Artificial intelligence in dynamic, real-world environments requires the capacity for continual learning. However, standard deep learning suffers from a fundamental issue: loss of plasticity, in which networks gradually lose their ability to learn from new data. Here we show that quantum learning models naturally overcome this limitation, preserving plasticity over long timescales. We demonstrate this advantage systematically across a broad spectrum of tasks from multiple learning paradigms, including supervised learning and reinforcement learning, and diverse data modalities, from classical high-dimensional images to quantum-native datasets. Although classical models exhibit performance degradation correlated with unbounded weight and gradient growth, quantum neural networks maintain consistent learning capabilities regardless of the data or task. We identify the origin of the advantage as the intrinsic physical constraints of quantum models. Unlike classical networks where unbounded weight growth leads to landscape ruggedness or saturation, the unitary constraints confine the optimization to a compact manifold. Our results suggest that the utility of quantum computing in machine learning extends beyond potential speedups, offering a robust pathway for building adaptive artificial intelligence and lifelong learners.

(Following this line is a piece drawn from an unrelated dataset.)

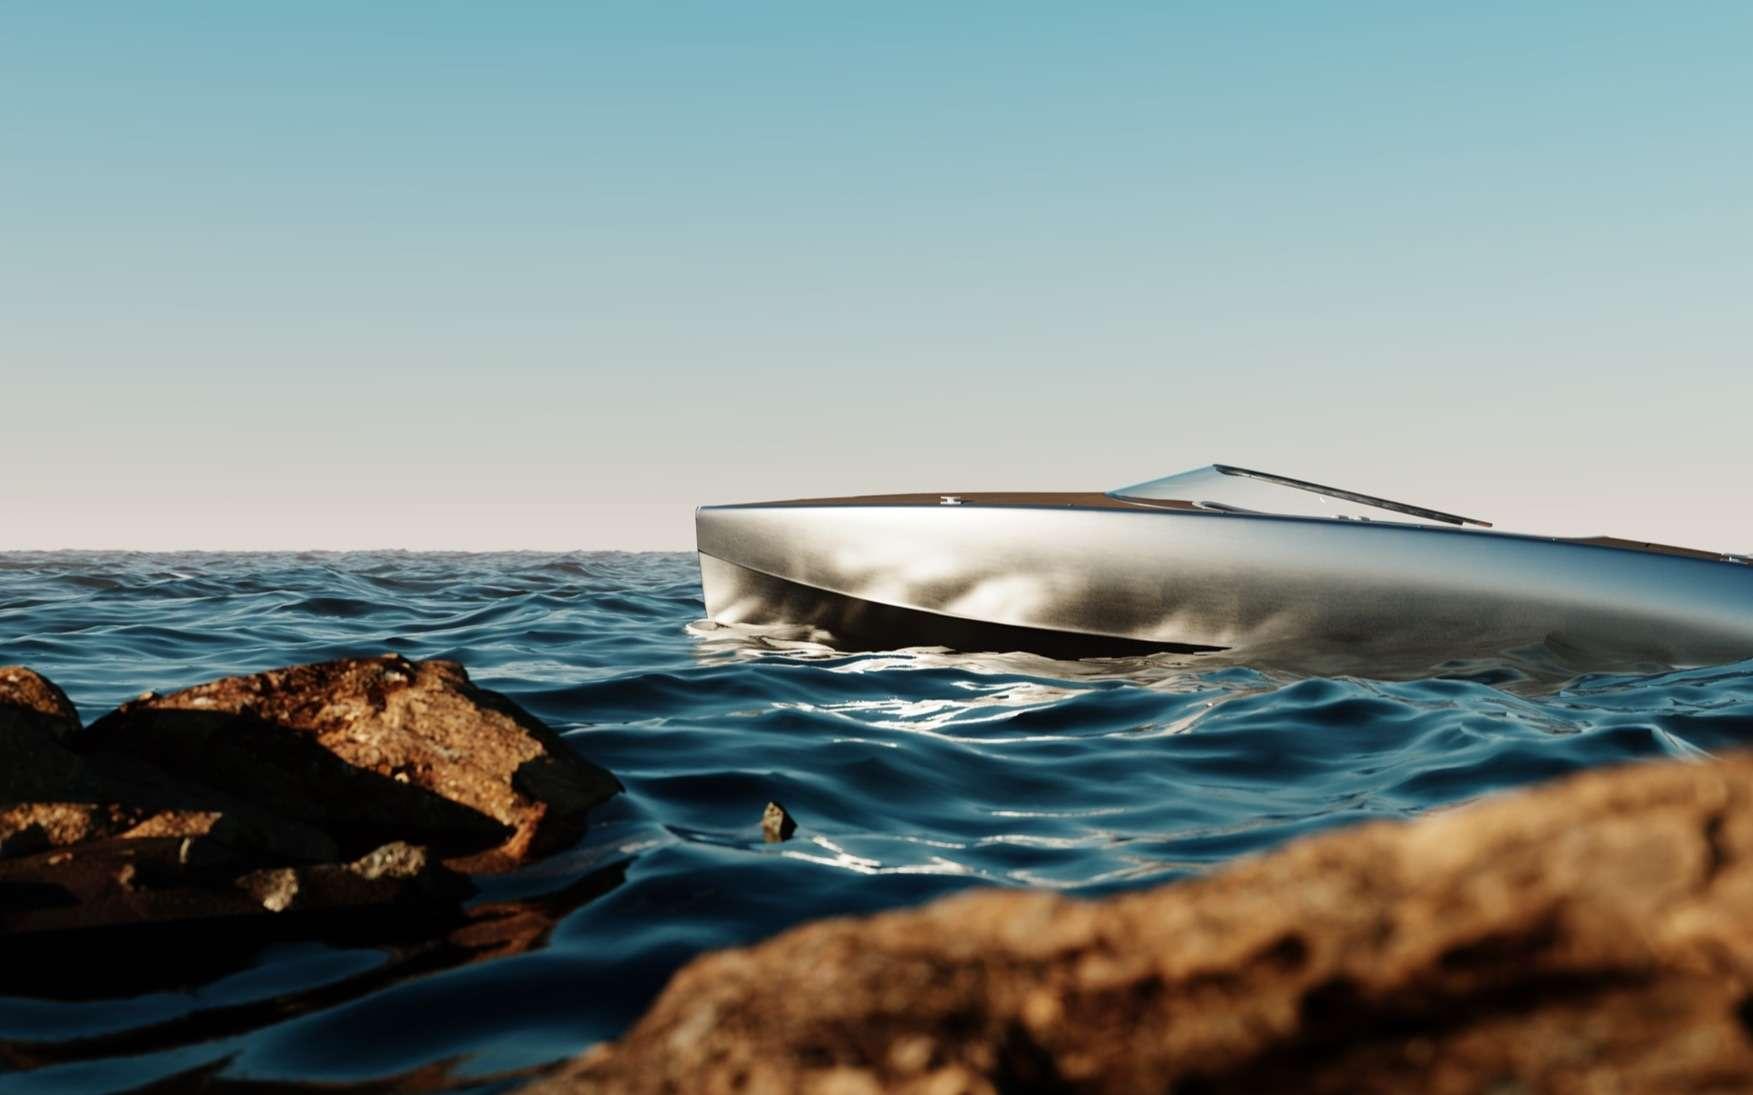 Le Sarvo37 et sa superbe coque en aluminium brossé. © Sarvo Marine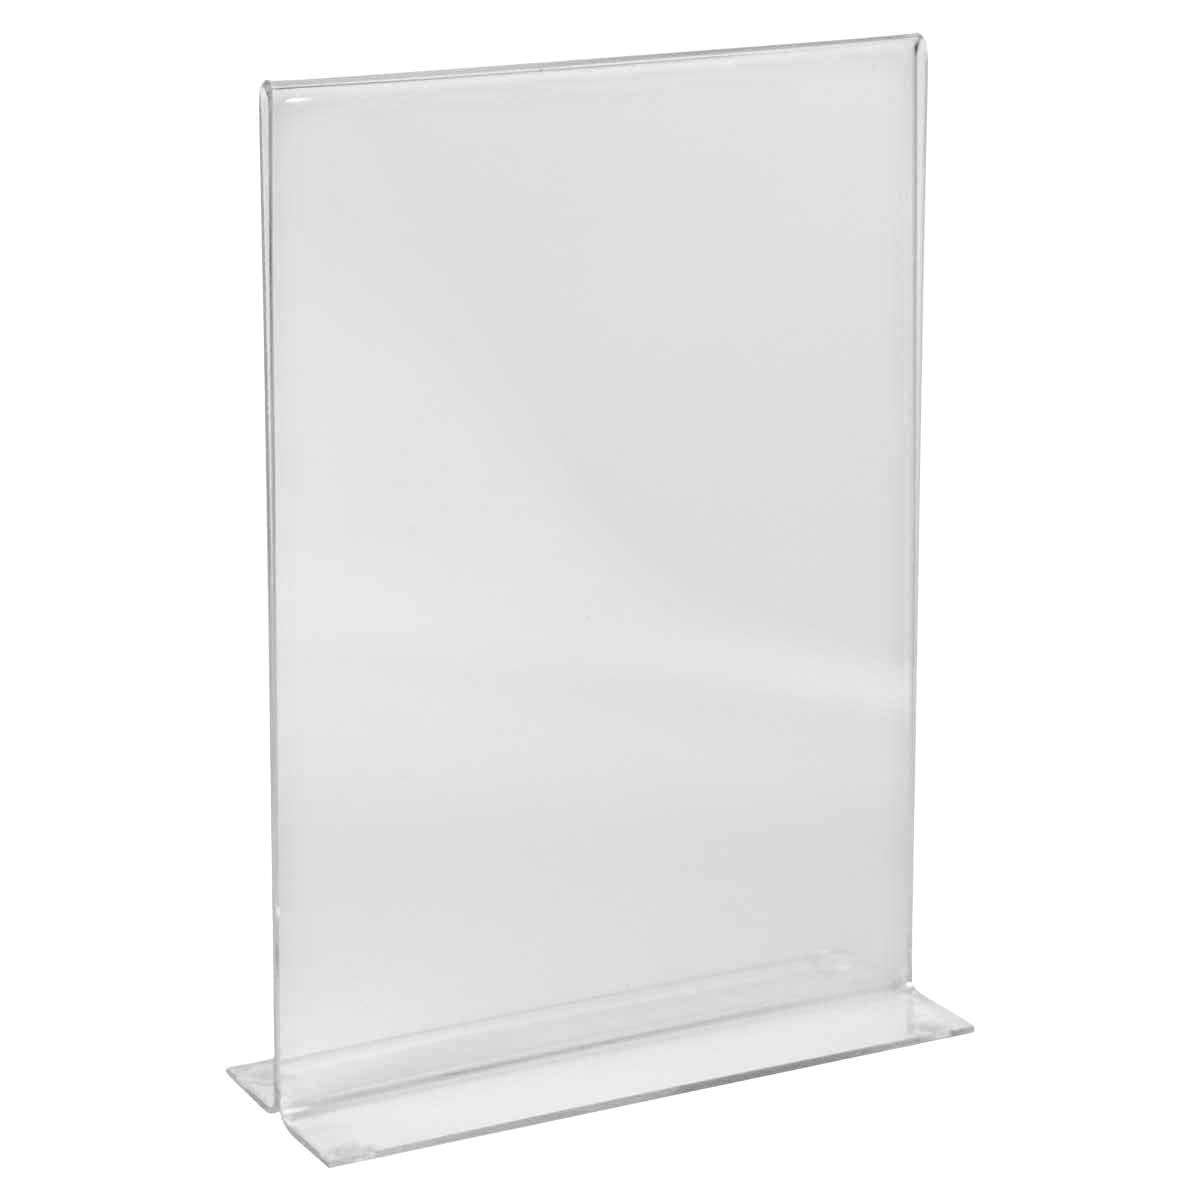 Suport meniu din plastic transparent pentru birou A5, JJ DISPLAYS, 148 x 210 mm, Landscape

翻译：在动态、真实世界环境中，人工智能需要具备持续学习的能力。然而，标准深度学习存在一个根本性问题：可塑性丧失，即网络逐渐失去从新数据中学习的能力。在此，我们证明量子学习模型天然克服了这一限制，能在长时间尺度上保持可塑性。我们系统性地在多个学习范式（包括监督学习和强化学习）的广泛任务谱系中，以及从经典高维图像到量子原生数据集等多样化数据模态下，展示了这一优势。尽管经典模型会表现出与权重和梯度无界增长相关的性能退化，但量子神经网络无论面对何种数据或任务，都能维持一致的学习能力。我们将这一优势的根源归结为量子模型内在的物理约束。与经典网络中无界权重增长导致损失景观崎岖或饱和不同，量子模型中的酉约束将优化限制在一个紧致流形上。我们的结果表明，量子计算在机器学习中的效用超越潜在的速度提升，为构建自适应人工智能和终身学习系统提供了一条稳健的路径。